## EXERCISE
From the listing below, copy only the lines from the line that contains "Building Construction Site" to the line that contains "Orevida Logo", counting those two lines as part of the copy.

....

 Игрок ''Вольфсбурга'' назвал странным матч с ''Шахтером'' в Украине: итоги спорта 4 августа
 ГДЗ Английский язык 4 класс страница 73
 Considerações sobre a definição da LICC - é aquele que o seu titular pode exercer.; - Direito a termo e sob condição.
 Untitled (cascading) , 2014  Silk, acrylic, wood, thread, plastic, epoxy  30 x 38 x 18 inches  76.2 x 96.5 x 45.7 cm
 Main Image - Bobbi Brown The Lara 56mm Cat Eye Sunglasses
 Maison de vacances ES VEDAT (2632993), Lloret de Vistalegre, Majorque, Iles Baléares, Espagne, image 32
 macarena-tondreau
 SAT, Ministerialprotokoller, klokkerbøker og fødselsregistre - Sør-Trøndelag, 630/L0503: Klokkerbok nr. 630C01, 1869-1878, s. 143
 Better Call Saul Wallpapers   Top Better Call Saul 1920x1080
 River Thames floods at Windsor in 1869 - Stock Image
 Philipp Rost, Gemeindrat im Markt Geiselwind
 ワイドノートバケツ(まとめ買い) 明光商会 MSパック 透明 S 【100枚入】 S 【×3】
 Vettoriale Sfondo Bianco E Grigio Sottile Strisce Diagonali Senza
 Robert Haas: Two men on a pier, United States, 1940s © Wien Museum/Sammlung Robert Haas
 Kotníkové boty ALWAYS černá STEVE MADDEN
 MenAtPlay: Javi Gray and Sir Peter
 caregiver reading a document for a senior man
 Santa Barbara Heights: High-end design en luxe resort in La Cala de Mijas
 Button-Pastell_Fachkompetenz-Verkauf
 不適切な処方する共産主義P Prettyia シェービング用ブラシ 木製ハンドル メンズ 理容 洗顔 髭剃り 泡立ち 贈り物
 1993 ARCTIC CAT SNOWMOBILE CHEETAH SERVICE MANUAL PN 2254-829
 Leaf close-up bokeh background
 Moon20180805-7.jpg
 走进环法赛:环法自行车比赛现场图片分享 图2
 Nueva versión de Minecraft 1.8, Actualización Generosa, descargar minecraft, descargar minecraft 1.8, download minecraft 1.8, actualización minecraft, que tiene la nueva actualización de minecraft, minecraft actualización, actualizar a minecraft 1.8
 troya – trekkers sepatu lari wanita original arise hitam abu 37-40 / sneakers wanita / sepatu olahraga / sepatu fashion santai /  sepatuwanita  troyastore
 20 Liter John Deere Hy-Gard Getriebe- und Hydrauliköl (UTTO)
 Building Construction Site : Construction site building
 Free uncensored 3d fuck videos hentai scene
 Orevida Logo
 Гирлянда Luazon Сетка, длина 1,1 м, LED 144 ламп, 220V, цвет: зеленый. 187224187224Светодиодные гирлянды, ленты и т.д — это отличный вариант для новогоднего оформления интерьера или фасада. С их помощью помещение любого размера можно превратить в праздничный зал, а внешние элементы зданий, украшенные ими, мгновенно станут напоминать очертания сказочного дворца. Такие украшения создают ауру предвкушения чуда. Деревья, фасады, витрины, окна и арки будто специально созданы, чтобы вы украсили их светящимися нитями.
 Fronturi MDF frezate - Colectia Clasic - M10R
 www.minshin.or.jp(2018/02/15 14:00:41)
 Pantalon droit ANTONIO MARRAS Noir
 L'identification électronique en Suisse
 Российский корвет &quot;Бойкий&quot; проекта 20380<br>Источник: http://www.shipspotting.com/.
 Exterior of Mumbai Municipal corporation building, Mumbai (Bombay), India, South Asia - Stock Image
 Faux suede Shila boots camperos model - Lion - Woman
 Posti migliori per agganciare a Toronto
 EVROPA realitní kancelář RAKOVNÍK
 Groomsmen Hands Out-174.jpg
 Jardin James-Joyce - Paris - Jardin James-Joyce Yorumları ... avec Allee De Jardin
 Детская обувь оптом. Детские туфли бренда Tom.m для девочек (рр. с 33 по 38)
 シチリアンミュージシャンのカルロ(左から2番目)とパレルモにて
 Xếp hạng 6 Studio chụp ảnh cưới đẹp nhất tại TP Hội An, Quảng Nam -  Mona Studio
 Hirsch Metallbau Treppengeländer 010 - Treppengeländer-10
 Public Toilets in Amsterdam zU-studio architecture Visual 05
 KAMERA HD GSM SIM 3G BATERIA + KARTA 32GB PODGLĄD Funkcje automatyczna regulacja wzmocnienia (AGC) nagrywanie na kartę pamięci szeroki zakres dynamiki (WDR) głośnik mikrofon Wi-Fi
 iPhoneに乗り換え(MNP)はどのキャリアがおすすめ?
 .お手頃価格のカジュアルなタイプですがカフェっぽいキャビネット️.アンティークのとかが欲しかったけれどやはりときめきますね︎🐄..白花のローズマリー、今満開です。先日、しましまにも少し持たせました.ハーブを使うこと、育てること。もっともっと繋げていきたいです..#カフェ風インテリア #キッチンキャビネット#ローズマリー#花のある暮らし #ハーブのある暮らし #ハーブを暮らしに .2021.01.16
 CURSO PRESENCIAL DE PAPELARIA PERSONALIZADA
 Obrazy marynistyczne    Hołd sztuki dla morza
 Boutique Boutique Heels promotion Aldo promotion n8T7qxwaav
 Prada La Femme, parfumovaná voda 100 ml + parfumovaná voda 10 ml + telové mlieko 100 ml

....

## SOLUTION FOR THIS EXERCISE
 Building Construction Site : Construction site building
 Free uncensored 3d fuck videos hentai scene
 Orevida Logo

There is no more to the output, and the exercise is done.